**Try it:**
Before you return the lines below, strip out any images and keep every word as written.

**Given data:**
BEGIN

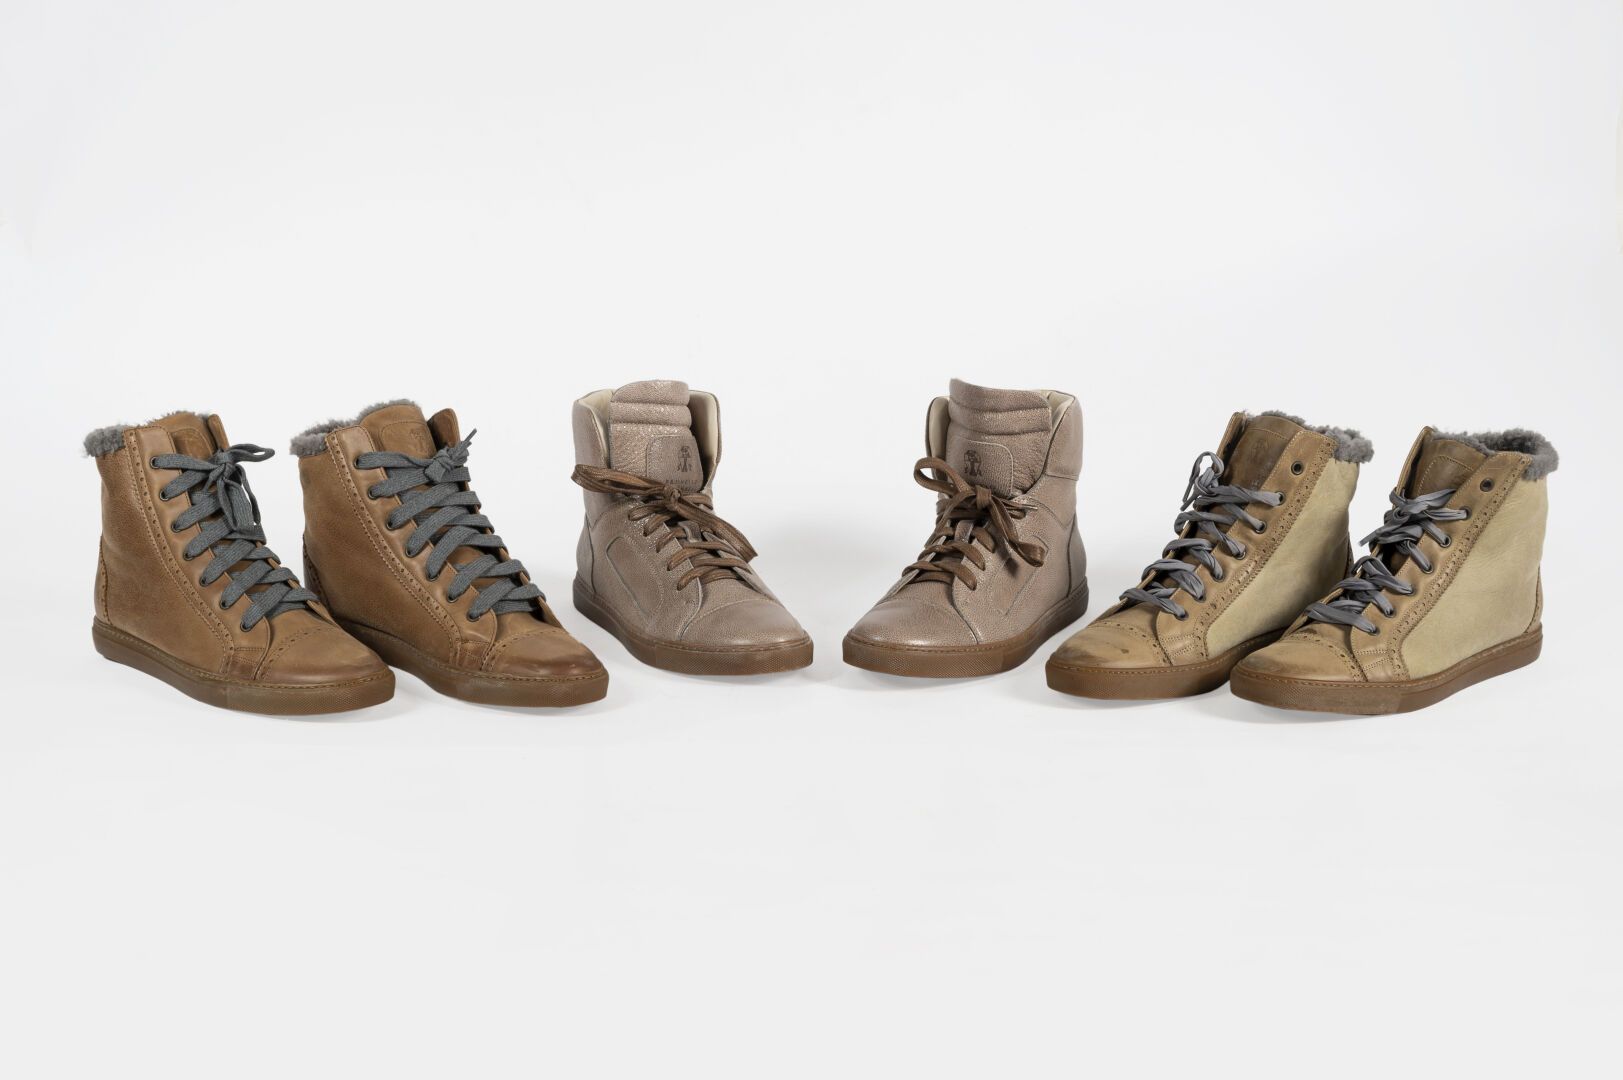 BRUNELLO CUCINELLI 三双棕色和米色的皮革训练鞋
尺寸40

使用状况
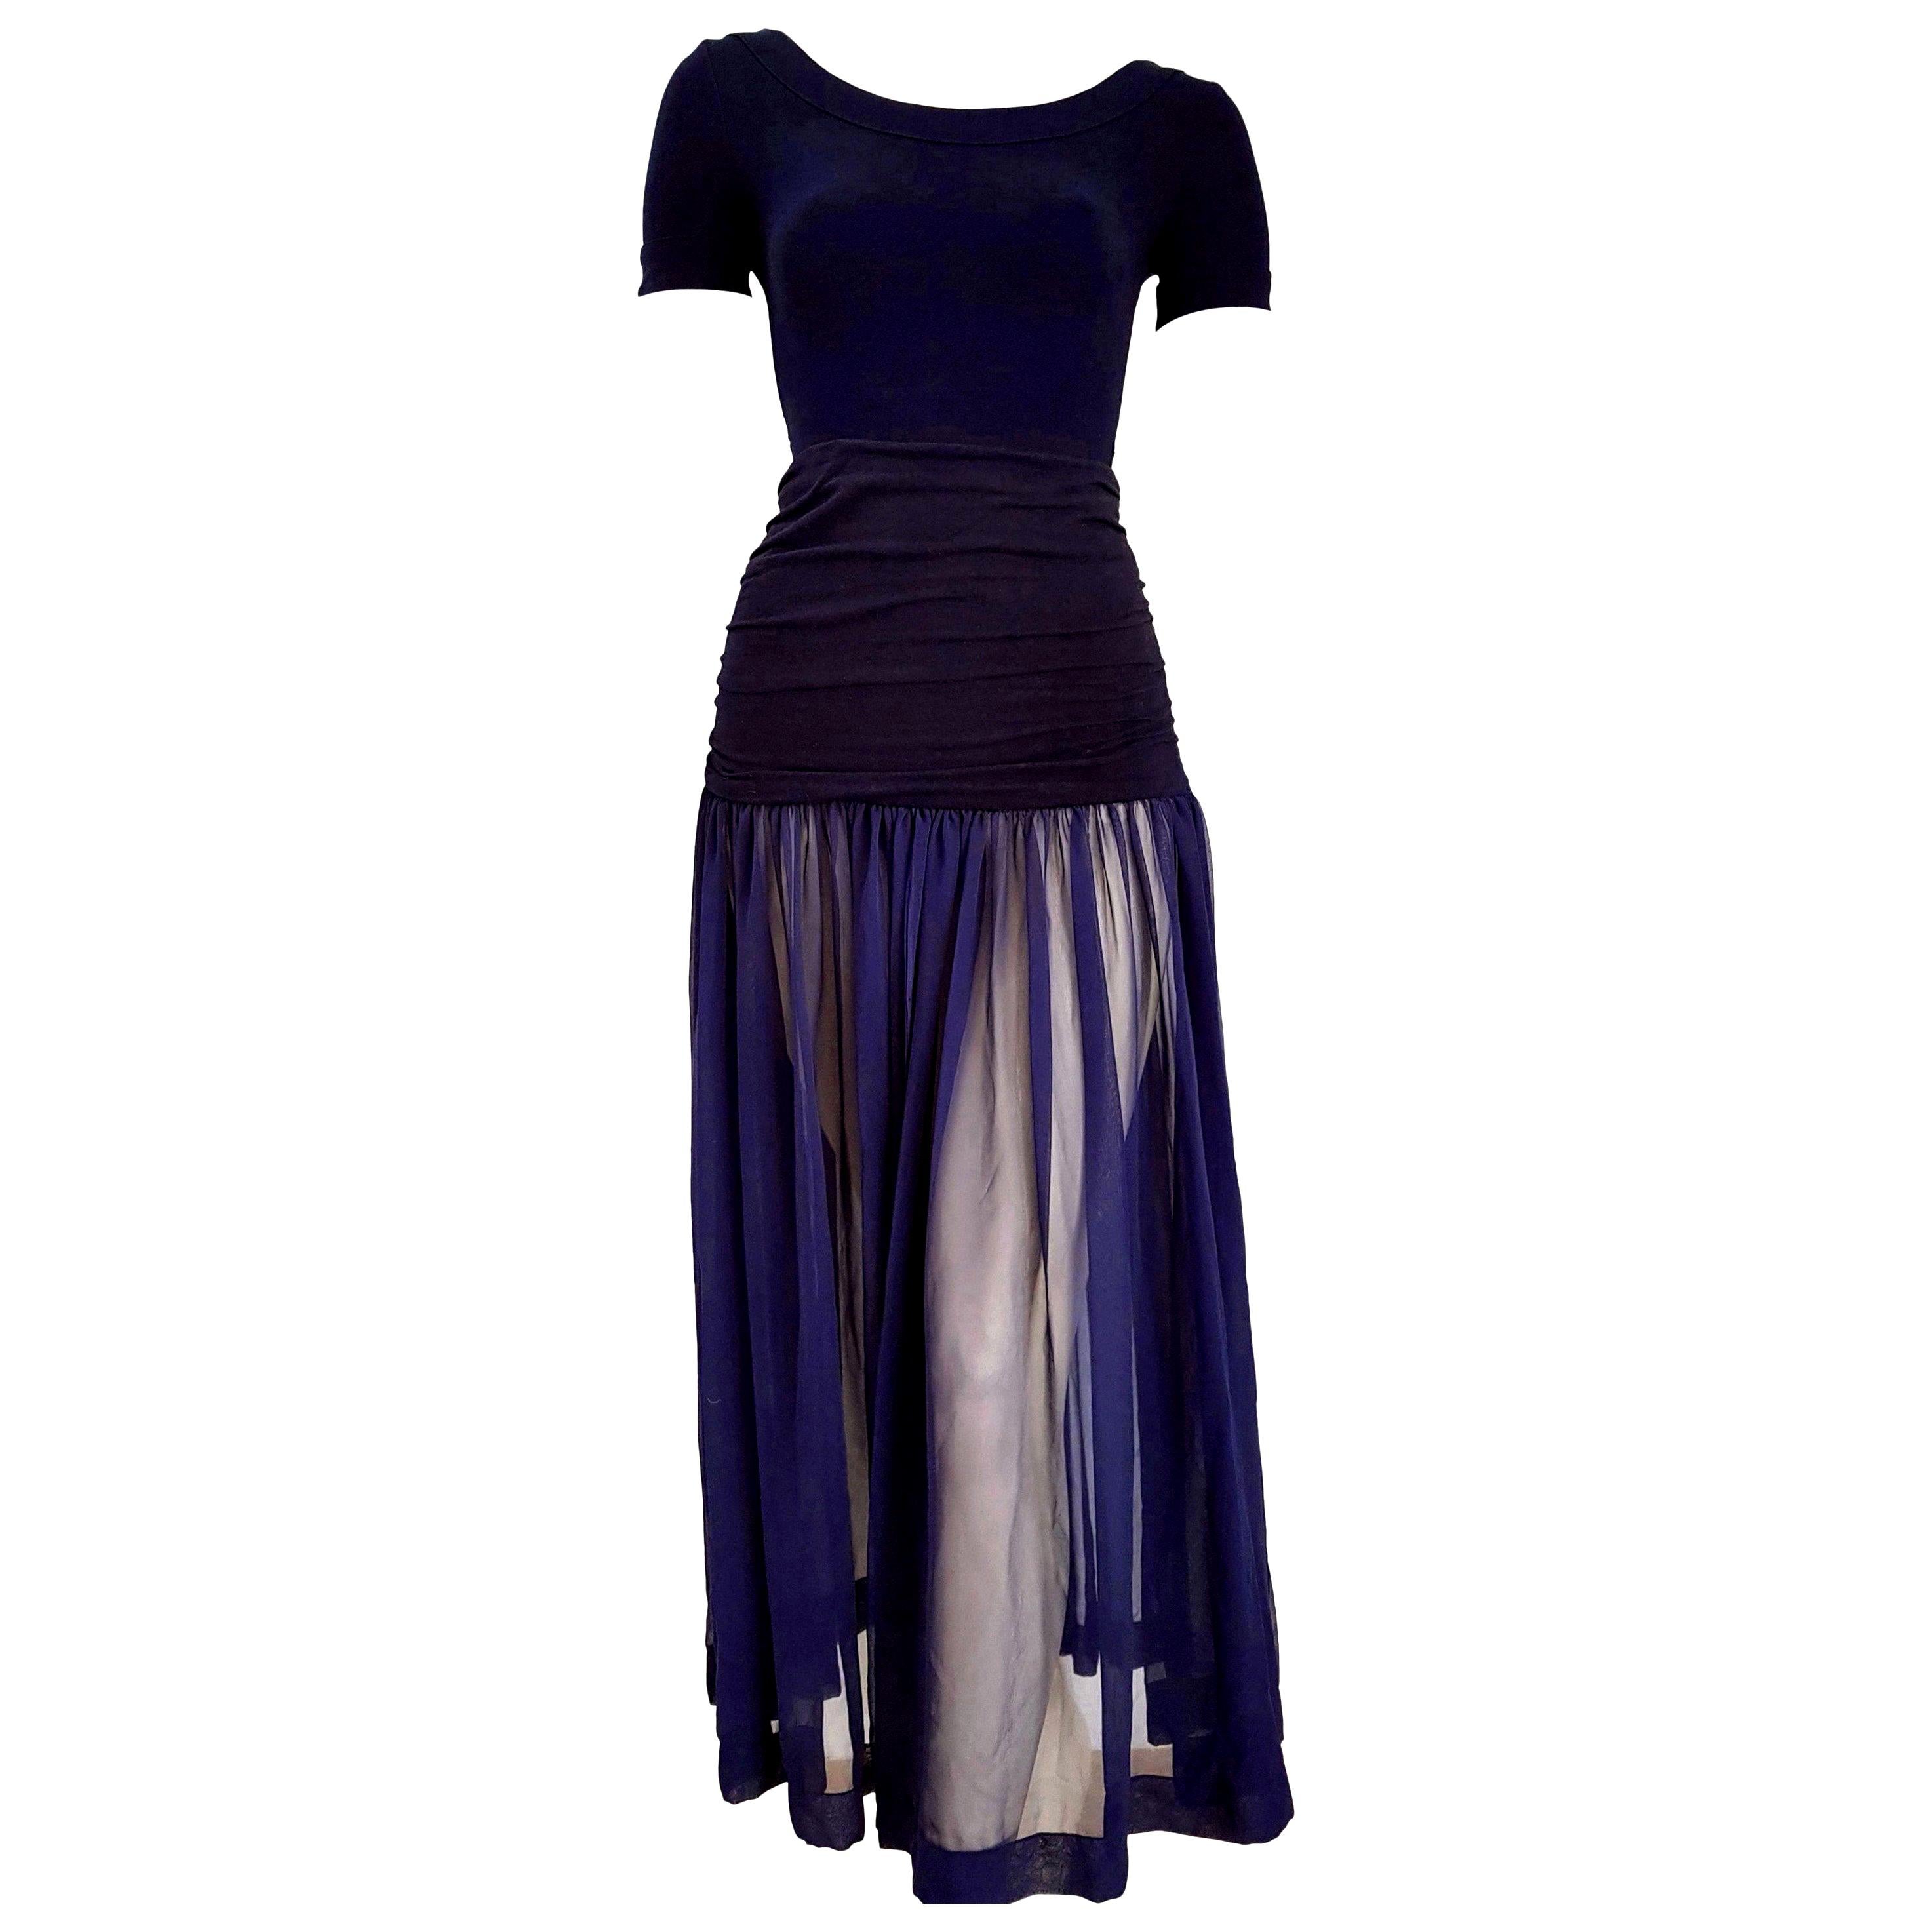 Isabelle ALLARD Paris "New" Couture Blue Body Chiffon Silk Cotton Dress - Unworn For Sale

END

**Solution to the problem:**
 BRUNELLO CUCINELLI 三双棕色和米色的皮革训练鞋
尺寸40

使用状况
 Isabelle ALLARD Paris "New" Couture Blue Body Chiffon Silk Cotton Dress - Unworn For Sale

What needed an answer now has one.